Но ушла Ольга Петровна, а на смену её временно была назначена Вера Ивановна Теплоухова. Её Нельгин знал ещё по группе. Это была длинная, но при этом коротконогая девица, с огромной лошадиной бледной мордой. Она всегда носила короткие юбки, из-под которых выглядывали невероятно большие ноги в прюнелевых башмаках с ушками. От неё всегда пахло какой-то вонючей пудрой, а между бровями росла бородавка, похожая цветом на спелую малину, а формою – на рог носорога. Совсем неизвестно, где рок фабрикует людей такой наружности и такого характера.

Самое же ужасное в ней было то, что она была твёрдо убеждена в непоколебимости и верности нравоучительных анекдотов и воскресных прописей и каждое своё слово, взятое из книжки, считала священным.

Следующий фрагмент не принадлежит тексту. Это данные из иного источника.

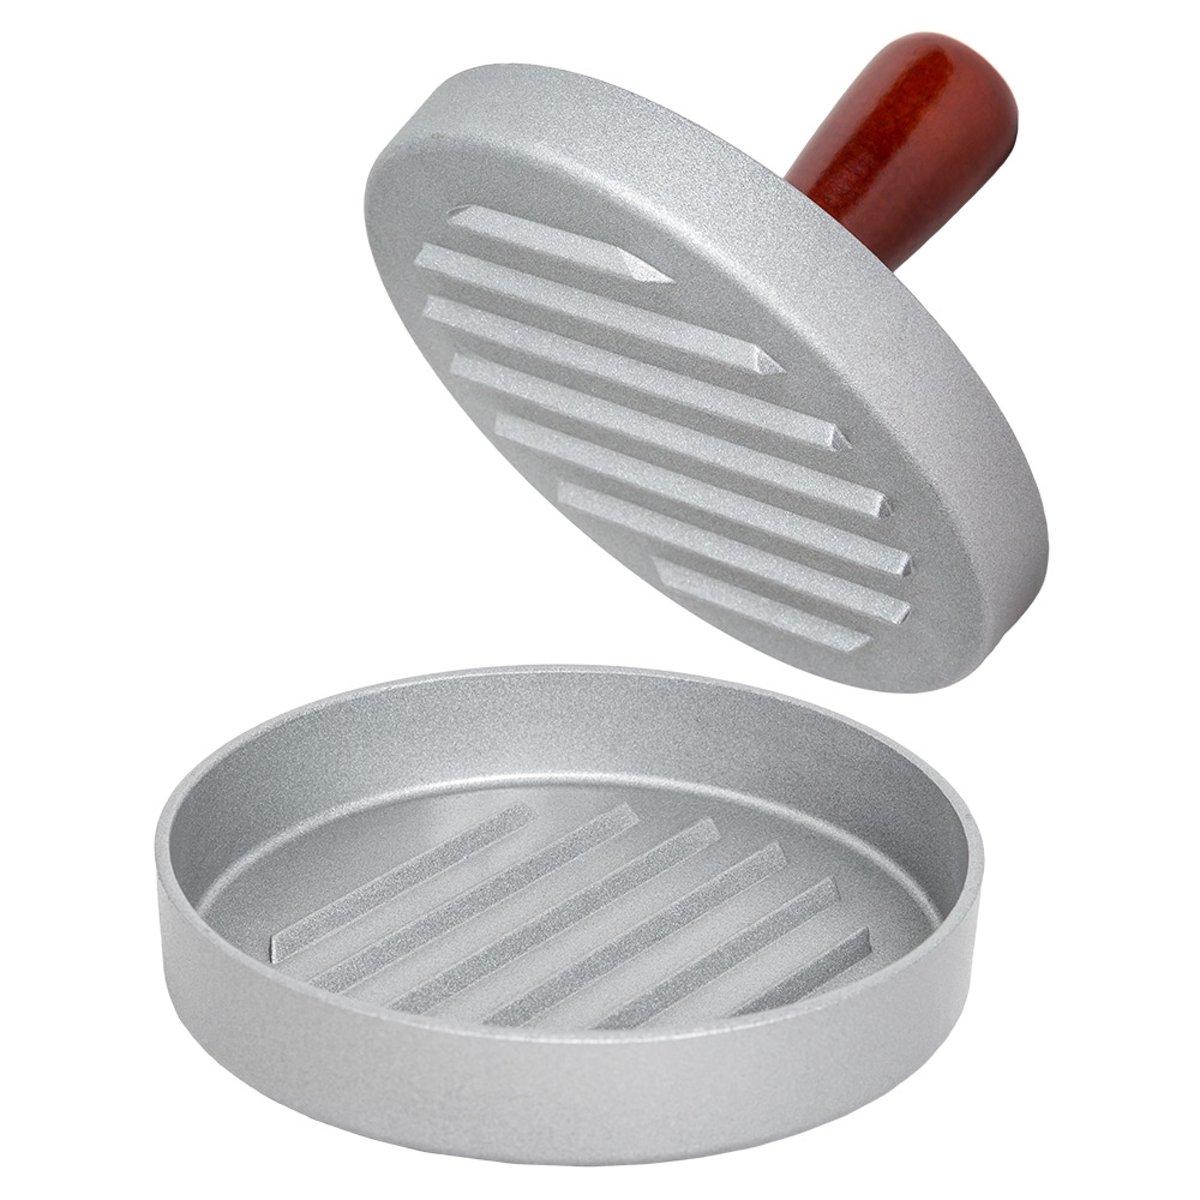 Tectake Hamburgerpers - BBQ Grill kopen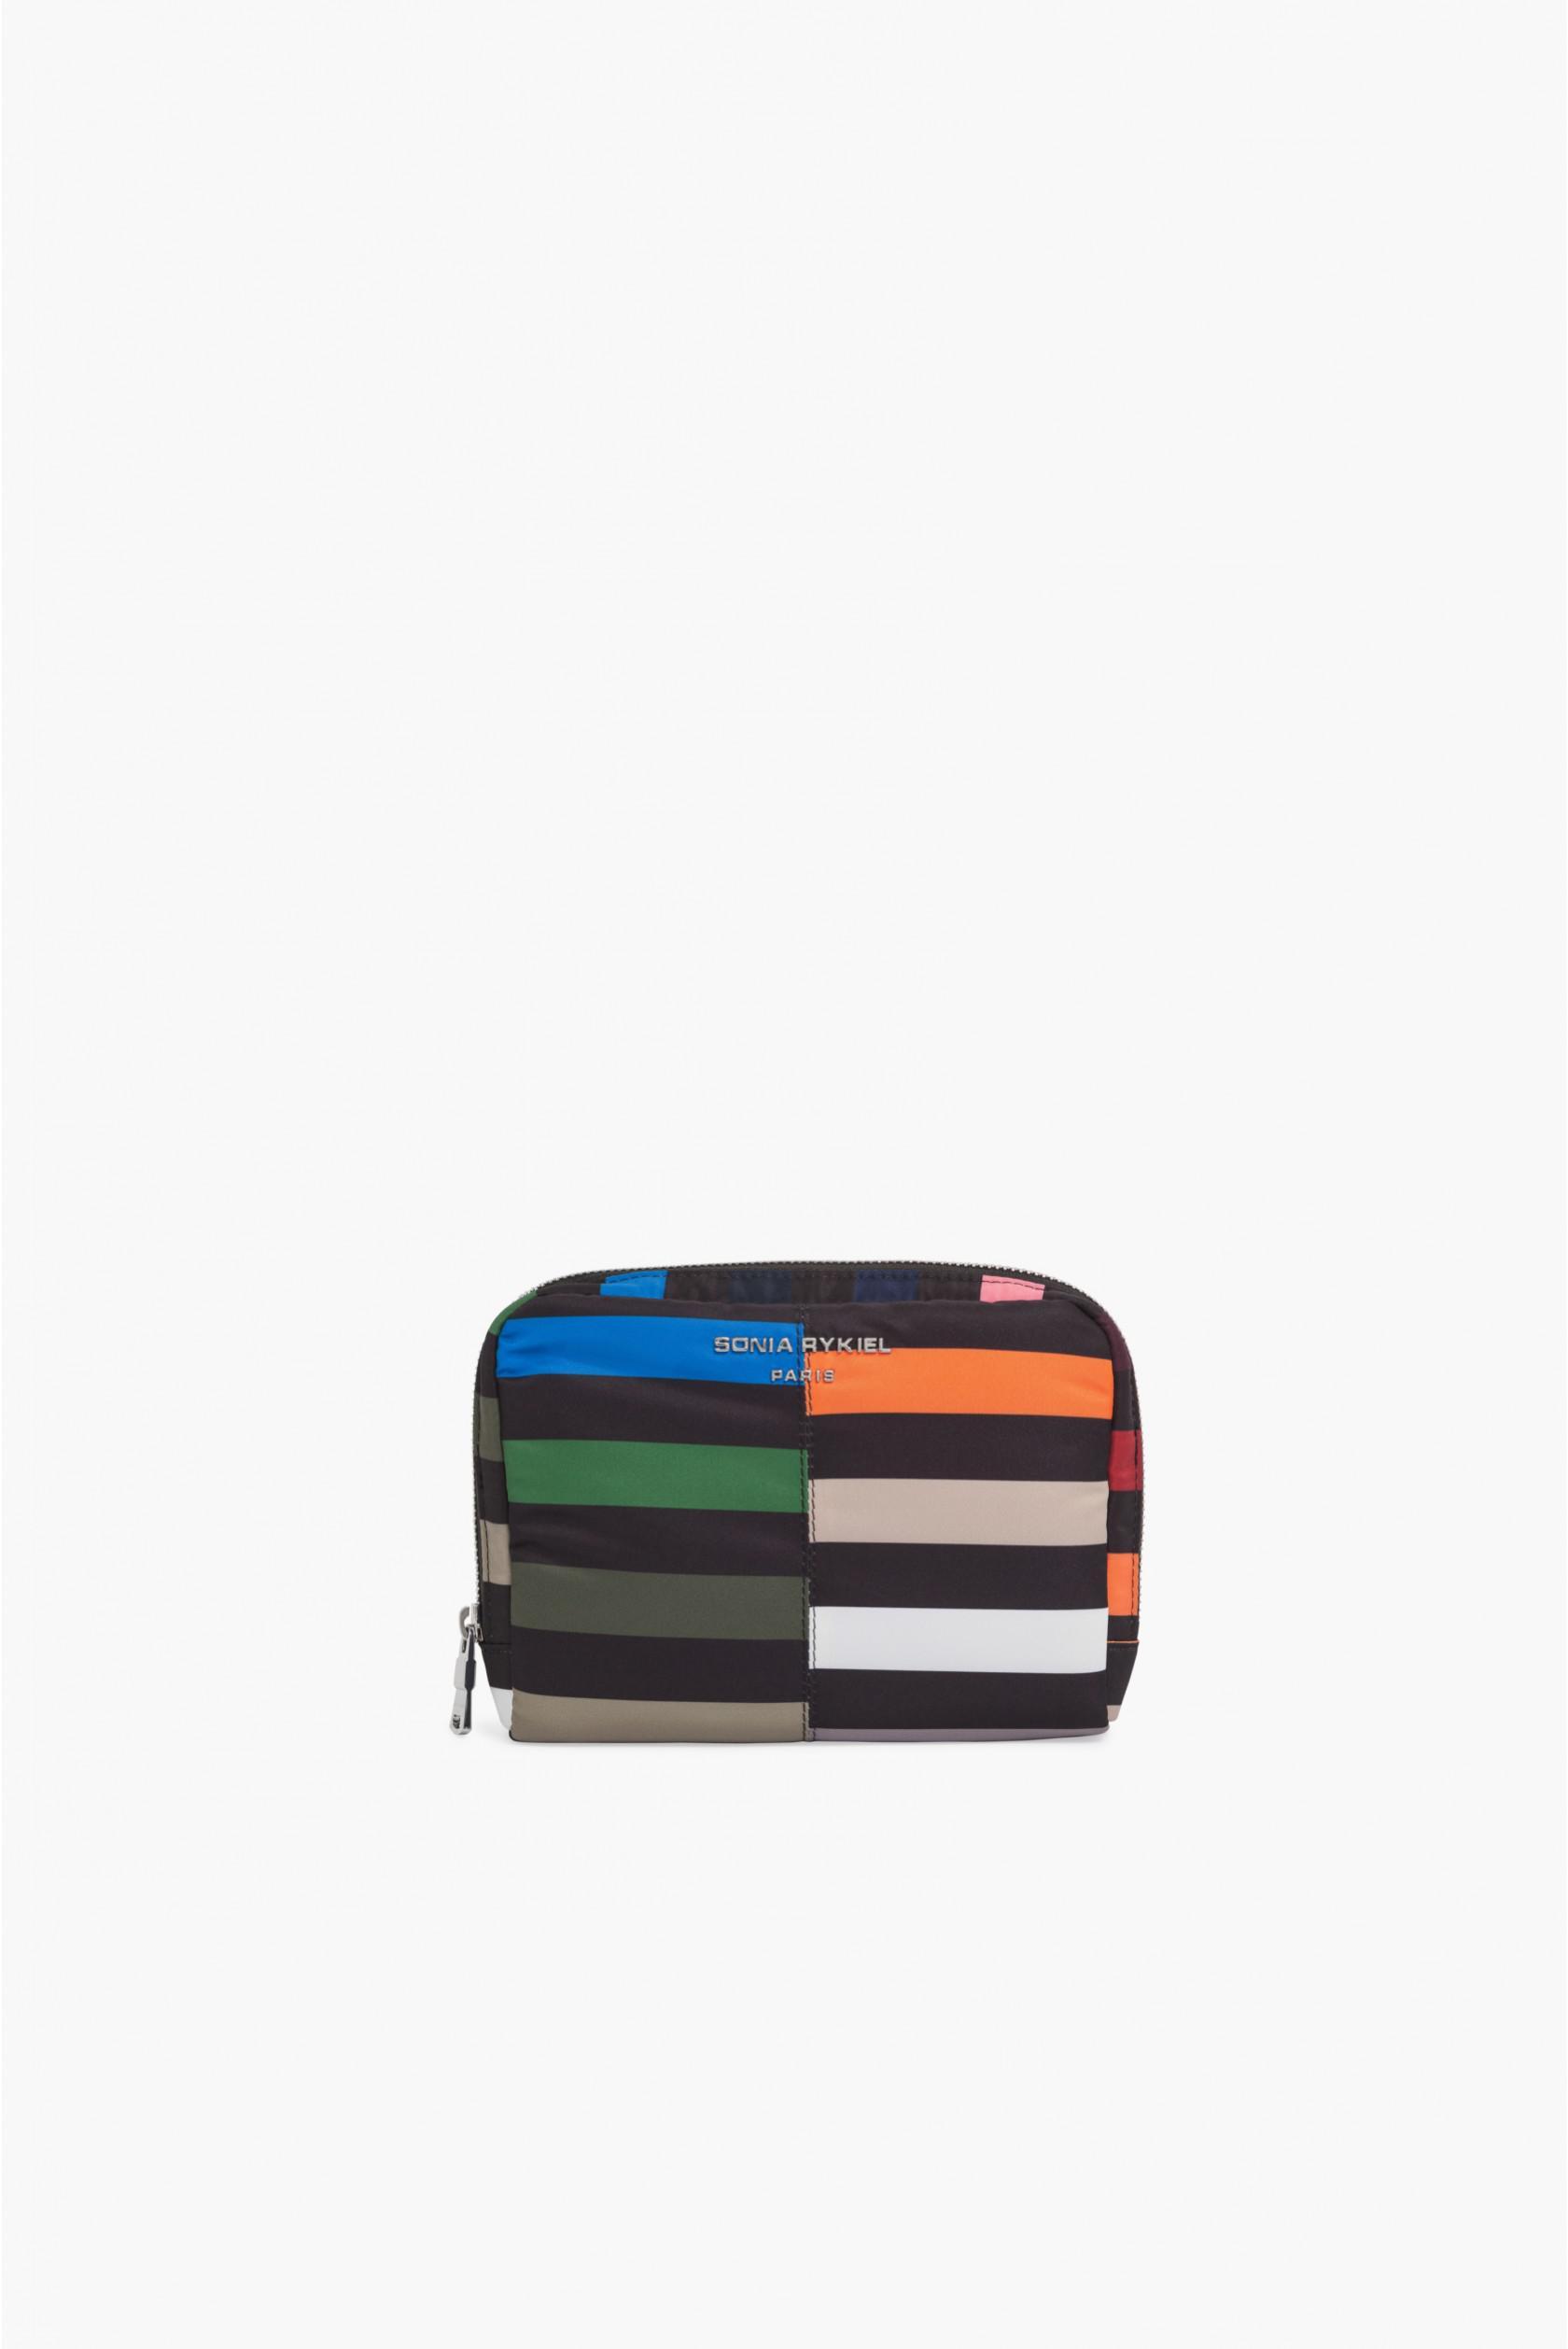 857ef38d8 Sonia Rykiel Forever Nylon Multicolored Zip Pencil Case in Blue - Lyst

Конечно, она сразу же, по естественному отвращению, возненавидела Нельгина, в котором, даже и в его юном возрасте, чувствовался настоящий бунтарь, – возненавидела так, как умеют только ненавидеть старые, мелочные, скучающие классные дамы из девиц. Ей претили и движения Нельгина, и звук его голоса, и невольные привычные гримасы, и живость его воображения, и ещё многое, чего она себе объяснить не умела и о чём она потом забыла, как забыла о самом Нельгине.

Это ещё ничего, что Нельгина ежедневно оставляли без завтрака и обеда – он и так почти ничего не ел, – и что его лишали свиданий – к нему никто не приходил, – но Вера Ивановна выбрала с терпением и проницательностью мстительницы самое больное, чувствительное место: она заставляла его стоять столбом во время общих прогулок. В это время другие дети катались на гигантских шагах, строили великолепные пещеры из земли и песка или устраивали из веток сады и огороды. А Нельгин стоял столбом и стоял кому-то назло добросовестно и терпеливо. Игры товарищей ему были уже неинтересны, но тут же рядом простирался огромный луг, окаймлённый густым лесом. Только потом, вернувшись в эти места уже почти стариком, он убедился, что луг был не более ста квадратных саженей, а лес – кусты жимолости, бузины и сирени. Но в то время это были прерии, пампасы и льяносы. Стоял Нельгин столбом и думал: «Хорошо бы было нестись по этой зелёной степи, скривив челюсть набок, как будто закусив удила, склонив голову, галопом; по этой необозримой степи, усеянной ромашкой, одуванчиками и какими-то голубыми неведомыми цветами и остро пахучими травами». И, конечно, если бы Нельгину сказали: «Вот, тебе прощаются все многочисленные стояния, которые ты должен отбывать за свои провинности, но только обещай, что, отбыв стояние столбом, ты не побежишь опять по траве», – то он, конечно, обещал бы искренно не побежать, но всё-таки побежал бы… Словом, в мнении воспитательниц он навсегда оставался мальчиком-лгуном.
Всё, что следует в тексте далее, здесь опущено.